Detecting spatial variations of erythrocytes by ultrasound backscattering statistical parameters under pulsatile flow

Abstract

The echogenicity of whole blood is known to vary during the flow cycle under pulsatile flow both in vitro and in vivo. However, the fundamental underlying mechanisms remain uncertain. The combined effects of flow acceleration and the shear rate were recently used to explain the cyclic variations of signals backscattered from flowing blood. However, testing this hypothesis requires determination of the spatial distributions of red blood cells (RBCs) in flowing blood. Recently, the Nakagami (m) and scaling (Ω) parameters have been used, respectively, to detect the spatial distributions of RBCs and the intensity of backscattering signal from blood under steady flow. For a better understanding of the relationship between the spatial distributions of RBCs and erythrocyte aggregation under pulsatile flow condition, these ultrasound backscattering statistical parameters were used, in this study, to characterize signals backscattered from both whole blood and RBC suspensions at different peak flow velocities (from 10 to 30 cm/s) and hematocrits (20% and 40%). The experiments were carried out by a 35-MHz ultrasound transducer.
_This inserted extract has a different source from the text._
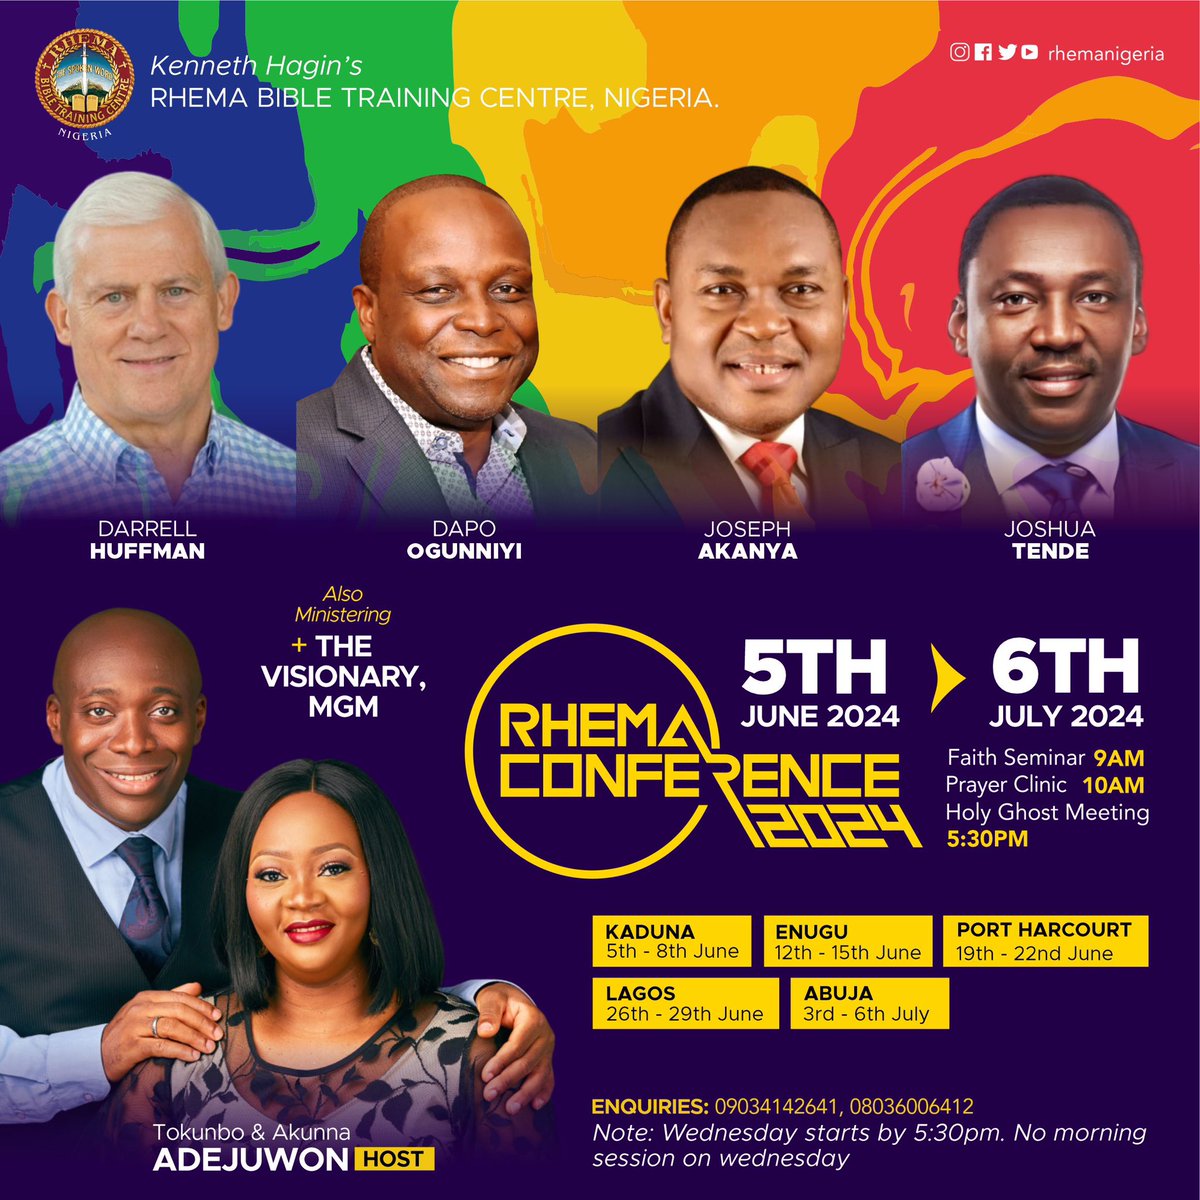 RHEMA CONFERENCE 2024 IS HERE! It kicks off on the 5th of June through to the 6th of July, 2024. This year, we have a line up of seasoned speakers. ARE YOU READY??????? . . . #RhemaConference24 #RC24 #FaithSeminar #PrayerClinic #HolyGhostMeeting

The m and Ω parameters were calculated for different blood properties and conditions, and the flow velocity in the center of blood flowing through a tube was measured synchronously. In whole blood, the results demonstrated that most RBCs were aggregated progressively toward the center of tube as the flow velocity started to accelerate, and that the increase in the intensity of the backscattered signal envelope to a maximum was attributable to larger rouleaux being formed in the center of tube. This phenomenon became apparent at a lower peak flow velocity with 40% hematocrit. However, there were no cyclic and spatial variations of the backscattering signal over a pulsatile cycle in RBC suspensions.